CD19 and CD20 are often found on certain cancer cells. Researchers think that a person s T cells can be modified in a lab to kill cells that have CD19 and CD20 on the surface.

Objective:

To see if it is safe to give anti-CD19 and anti-CD20 CAR T cells to people with a B cell cancer or Hodgkin lymphoma.

Eligibility:

People ages 18 and older with a B cell cancer or Hodgkin lymphoma that has not been controlled with standard therapies

Design:

Participants will be screened under protocol 01C0129 with:

Medical history

Physical exam

Blood and heart tests

Bone marrow biopsy: A needle is inserted into the participant s hip bone to remove a small amount of marrow.

Scans

Participants will have apheresis: Blood will be removed through a vein. The blood with circulate through a machine that removes the T cells. The rest of the blood will be returned to the participant.

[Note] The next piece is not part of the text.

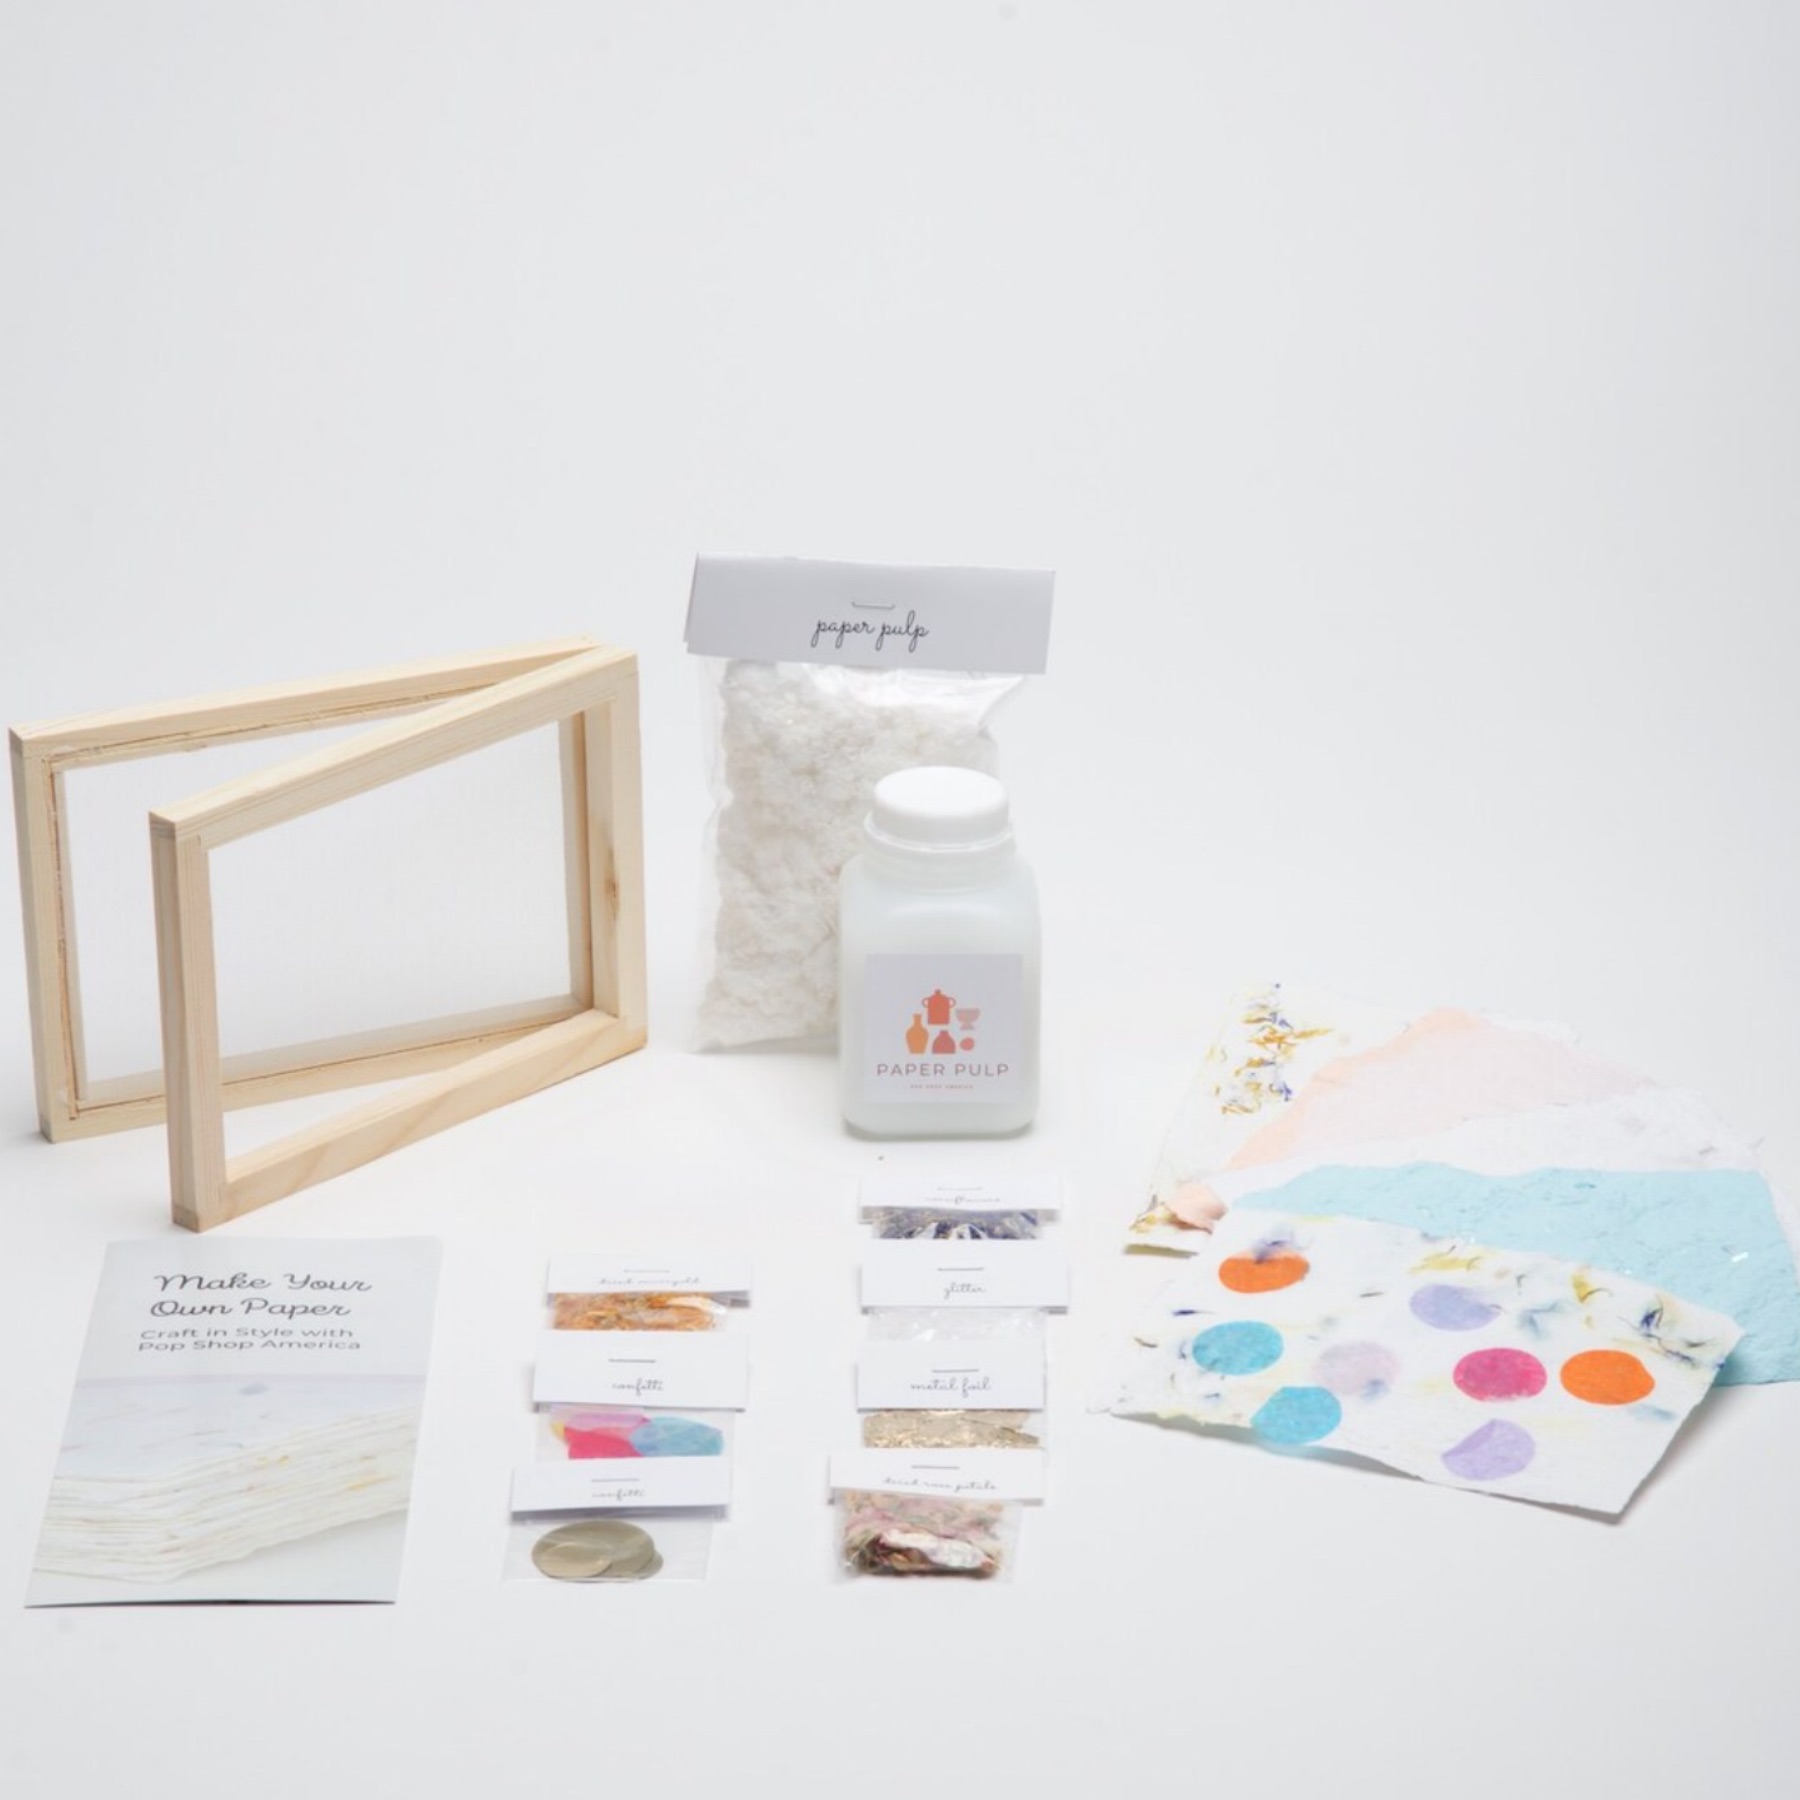 Hello Hobby Paper Making Kit, 32 Pieces

Once a day for 3 days before they get the T cells, participants will receive chemotherapy through a vein.

Participants will receive the T cells through a vein. They will stay in the hospital for at least 9 days.

Participants may have a lumbar puncture: A needle will remove fluid from the spinal cord.

Participants may have a tumor biopsy.

Participants will repeat the screening tests throughout the study.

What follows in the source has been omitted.